Suppose you have multiple threads which don’t really touch each other’s data. Those should execute as independently as possible. If you have a “global lock” which you need to acquire in order to (say) call a function, that can end up as a bottleneck. You can wind up not getting much benefit from having multiple threads in the first place.

To put it into a real world analogy: imagine 100 developers working at a company with only a single coffee mug. Most of the developers would spend their time waiting for coffee instead of coding.
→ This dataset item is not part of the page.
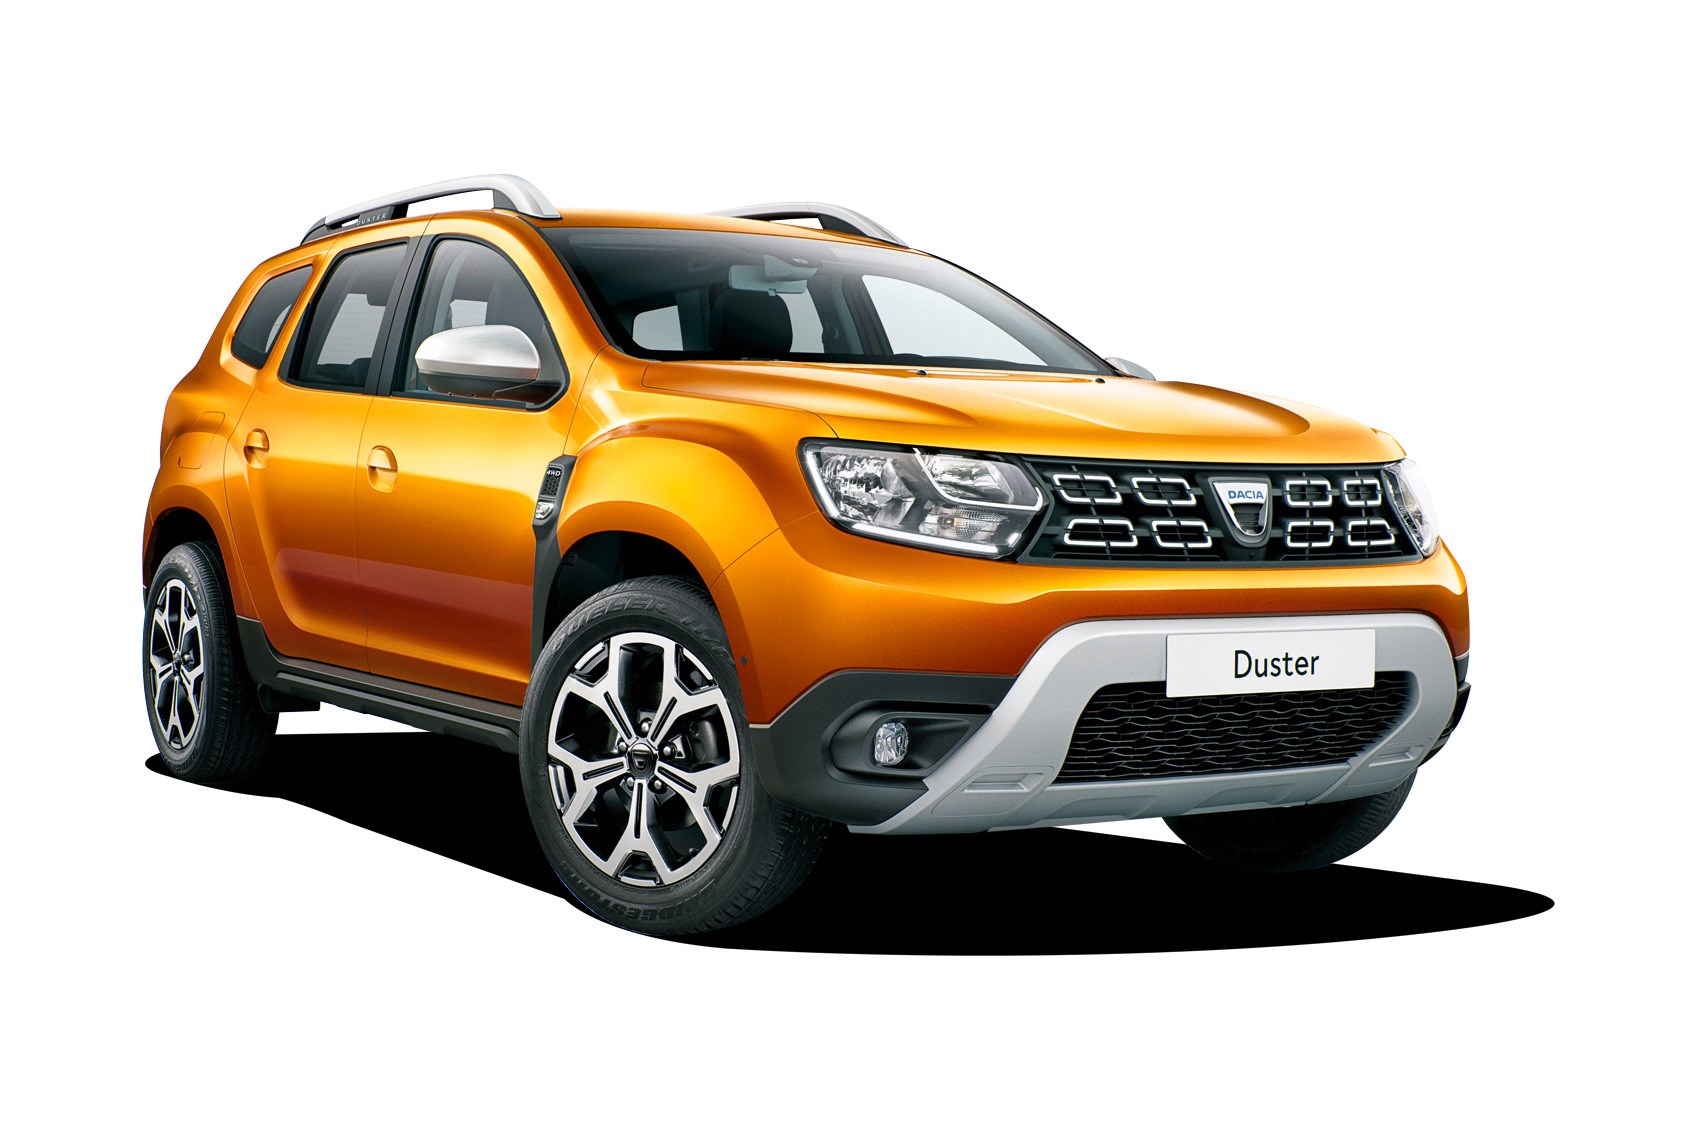 New 2018 Dacia Duster revealed: pictures, specs, details
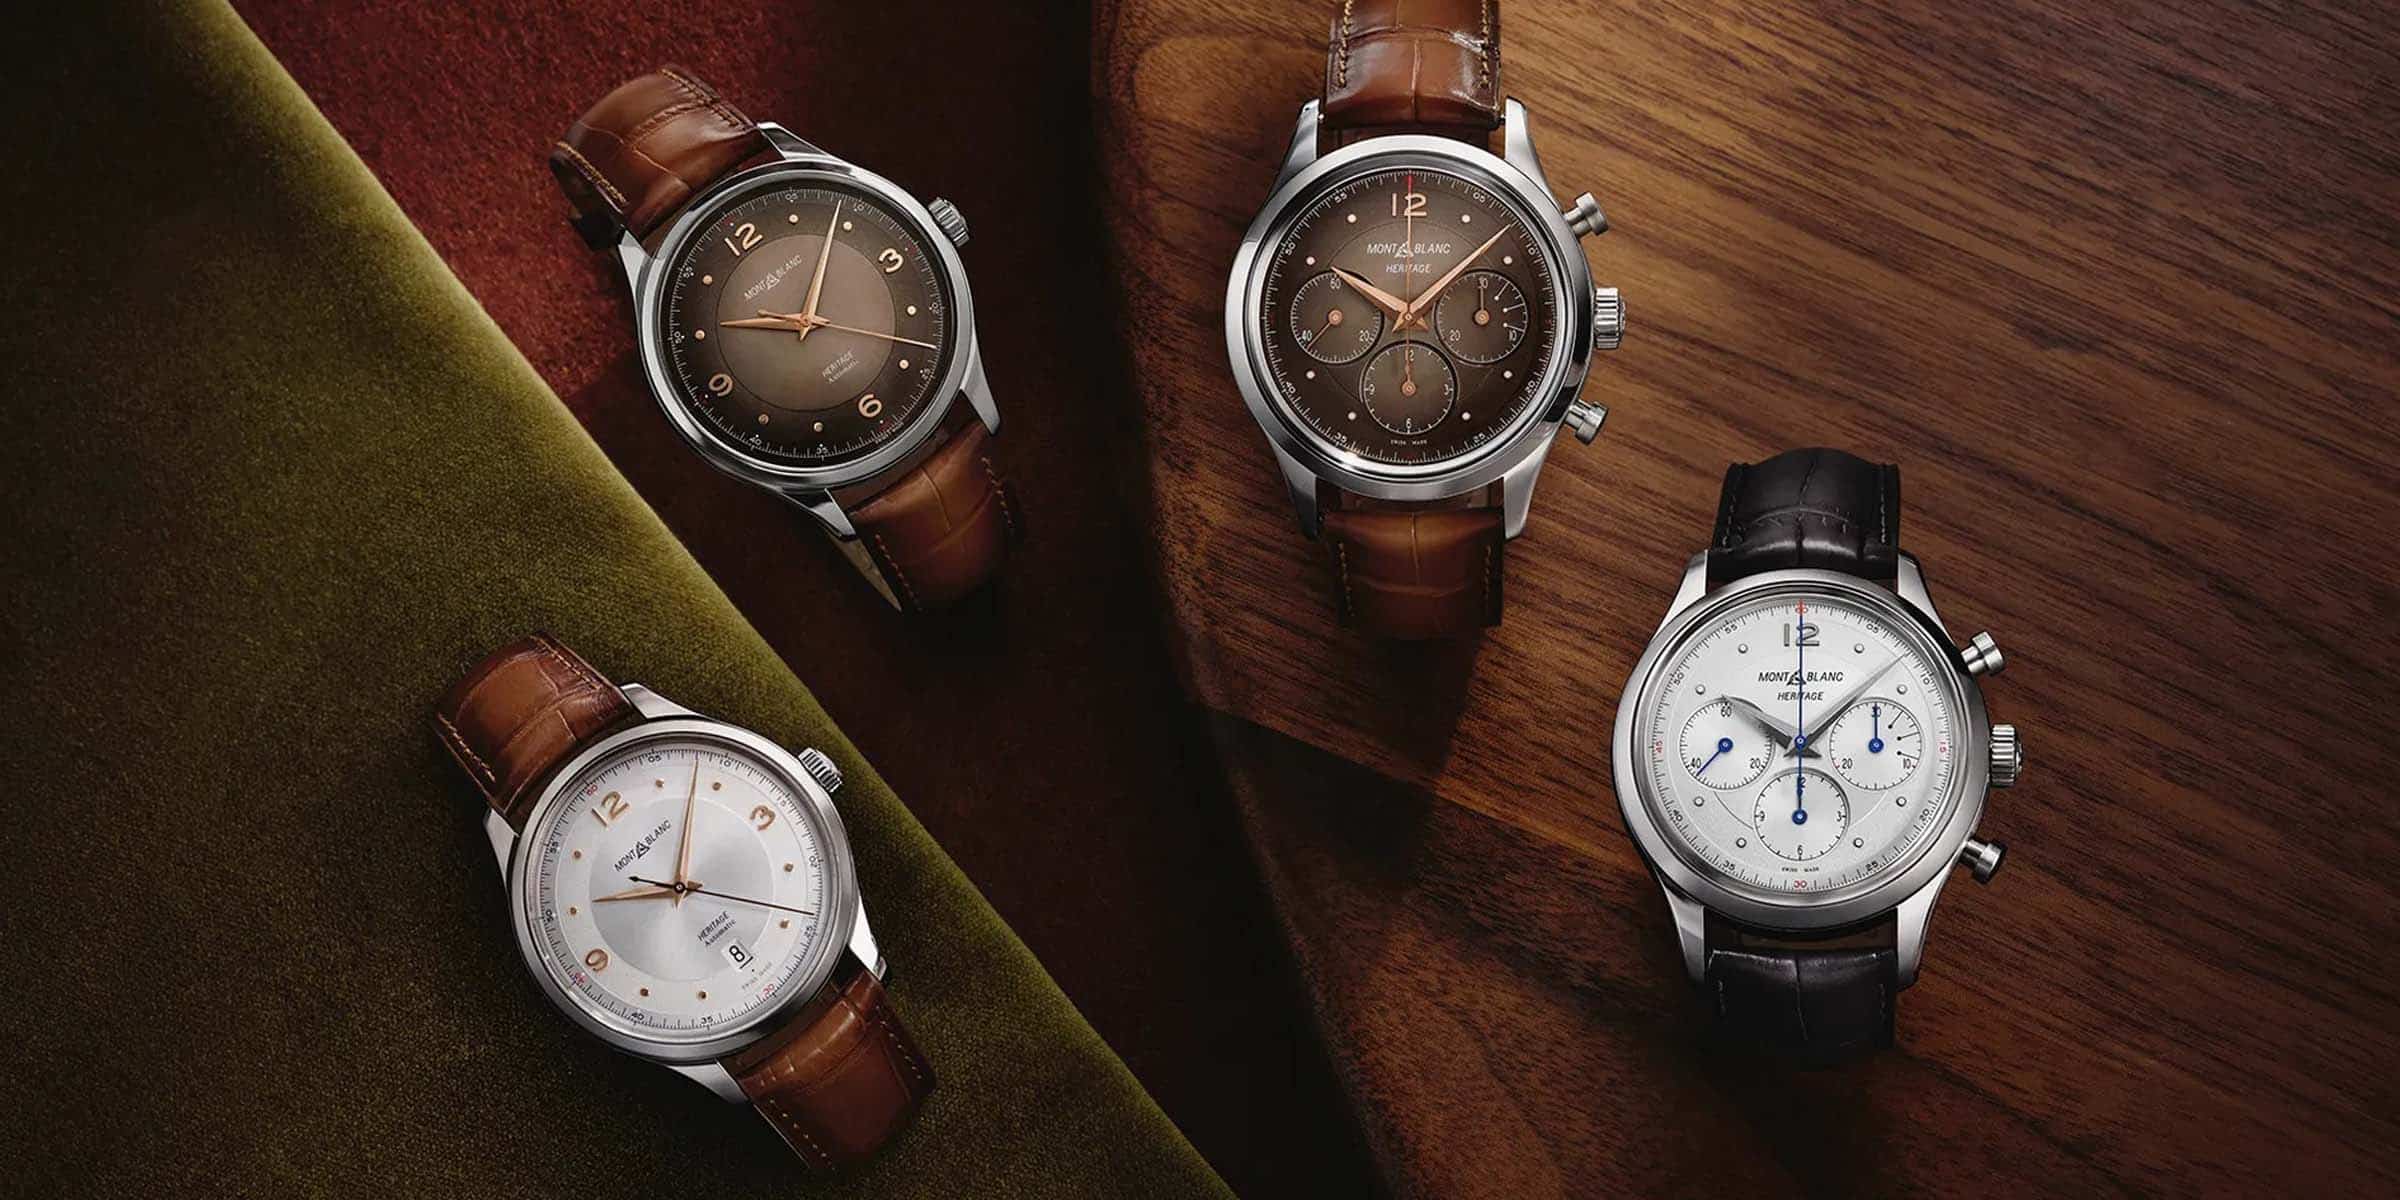 Montblanc Watches: The Complete Buying Guide

None of this is Python-specific – I don’t know the details of what Python needed a GIL for in the first place. However, hopefully it’s given you a better idea of the general concept.


回答 2

首先让我们了解python GIL提供的功能:

任何操作/指令都在解释器中执行。GIL确保在特定时间由单个线程保存解释器。您的具有多个线程的python程序可在单个解释器中工作。在任何特定时间,此解释器都由单个线程持有。这意味着在任何时刻都只有运行解释器的线程在运行

现在为什么会这样:

您的计算机可能具有多个内核/处理器。多个内核允许多个线程同时执行即多个线程可以在任何特定时间执行。但是,由于解释器由单个线程持有,因此其他线程即使可以访问核心也不会做任何事情。因此,您无法获得多个内核所提供的任何优势,因为在任何时候都只使用一个内核,即当前持有解释器的线程正在使用的内核。因此,您的程序将像执行单线程程序一样花费很长时间。

但是,潜在的阻塞或长时间运行的操作(例如I / O,图像处理和NumPy数字运算)发生在GIL之外。从这里取。因此,对于此类操作,尽管存在GIL,但多线程操作仍将比单线程操作更快。因此,GIL并不总是瓶颈。

编辑:GIL是CPython的实现细节。IronPython和Jython没有GIL,因此他们中应该有一个真正的多线程程序,以为我从未使用过PyPy和Jython,也不确定。

Let’s first understand what the python GIL provides:

Any operation/instruction is executed in the interpreter. GIL ensures that interpreter is held by a single thread at a particular instant of time. And your python program with multiple threads works in a single interpreter. At any particular instant of time, this interpreter is held by a single thread. It means that only the thread which is holding the interpreter is running at any instant of time.

Now why is that an issue:

Your machine could be having multiple cores/processors. And multiple cores allow multiple threads to execute simultaneously i.e multiple threads could execute at any particular instant of time.. But since the interpreter is held by a single thread, other threads are not doing anything even though they have access to a core. So, you are not getting any advantage provided by multiple cores because at any instant only a single core, which is the core being used by the thread currently holding the interpreter, is being used. So, your program will take as long to execute as if it were a single threaded program.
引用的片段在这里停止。